James Tully (he/him)

University of Victoria
PositionEmeritus and Adjunct Distinguished ProfessorFacultyLawDepartmentPolitical Science

Fields of Interest

James Tully, FRSC, is an Emeritus Distinguished Professor of Political Science & Law at the University of Victoria. After a BA at the University of British Columbia and a PhD at Cambridge University, he taught in the Departments of Political Science & Philosophy at McGill University 1977-1996. From 1996-2014 he was Distinguished Professor of Political Science, Law, Indigenous Governance, & Philosophy at the University of Victoria, and Distinguished Emeritus & Adjunct Professor of Political Science and Law from 2014 to the present. Also, from 2001 to 2003 he was the inaugural Henry N.R. Jackman Distinguished Professor in Philosophical Studies in the Departments of Political Science, Philosophy, and Law at the University of Toronto. He was awarded the Killam Prize in the Humanities (2010) and the APSA Benjamin Lippincott Award (2024).

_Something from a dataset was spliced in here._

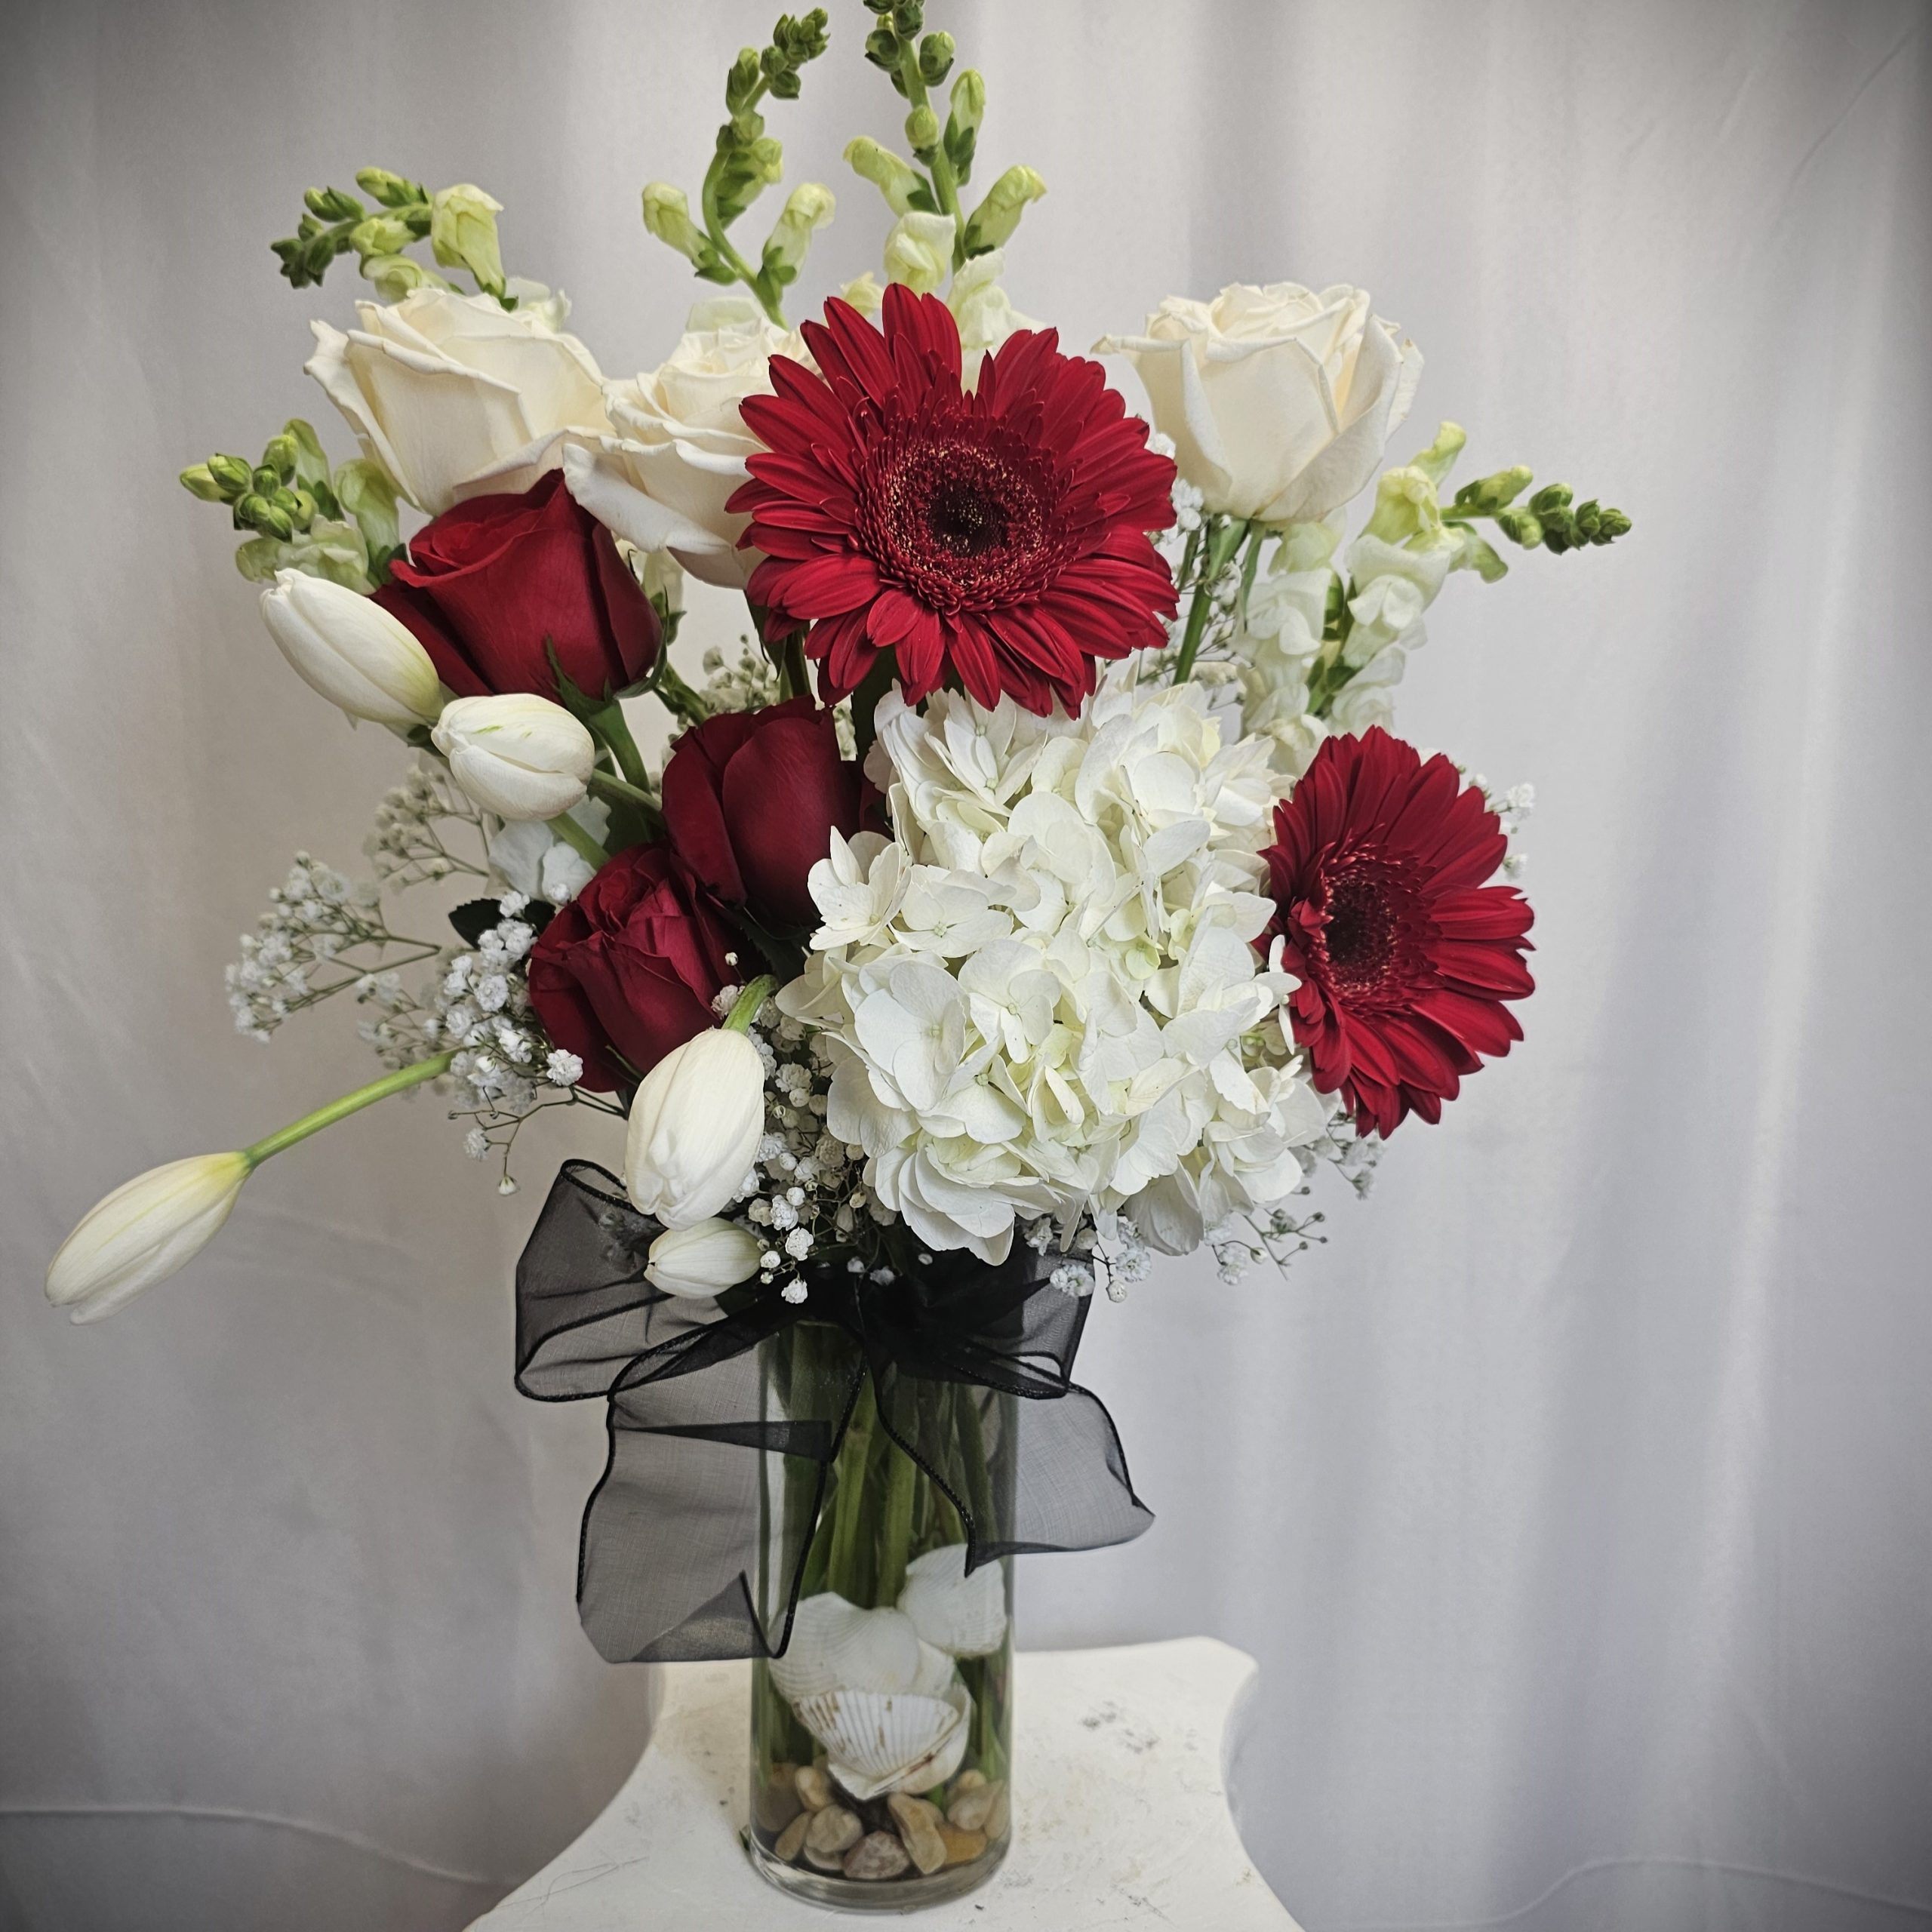 Elegant Red's & White's Vase

My teaching and research are in the area of legal and political theory & practice; constitutionalism, legal pluralism, Common & Indigenous law & Governance, forms of democracy, federalism, globalization, imperialism, ecosocial or ‘Gaia democracy’, and especially individual and free, cooperative and peacemaking agency within these systems (what I call ‘civic’ & ‘civil’ citizenship & ‘integral nonviolence’). It is a public philosophy oriented to dialogues of reciprocal elucidation among academics and citizens (the TullyWheel). See Livingston, ed., James Tully To Think and Act Differently (2022).

As we discussed in 2005, this dialogical approach is akin to the founding spirit of the Trudeau Foundation. “The Trudeau Foundation is unique. At its heart is a critical dialogue among scholars, mentors, fellows, and guests that – to paraphrase Pierre Trudeau – pushes each participant to their limit and beyond. Each brings their academic research and practical experience to bear on the great problems of inequality and oppression, war and peace, environmental destruction, and civic responsibility facing Canada and the world in the 21st century. These ongoing dialogues are linked to larger public discussions of these issues through the Foundation’s various public events. In turn, the energy, insights, and advances of these communities-in-dialogue reverberate throughout the work of mentors, learning of scholars, teaching and research of fellows, and the broader networks of all who participate in this unique, pedagogical experience, thereby creating an uniquely Canadian ethos of democratic responsibility as it progresses.”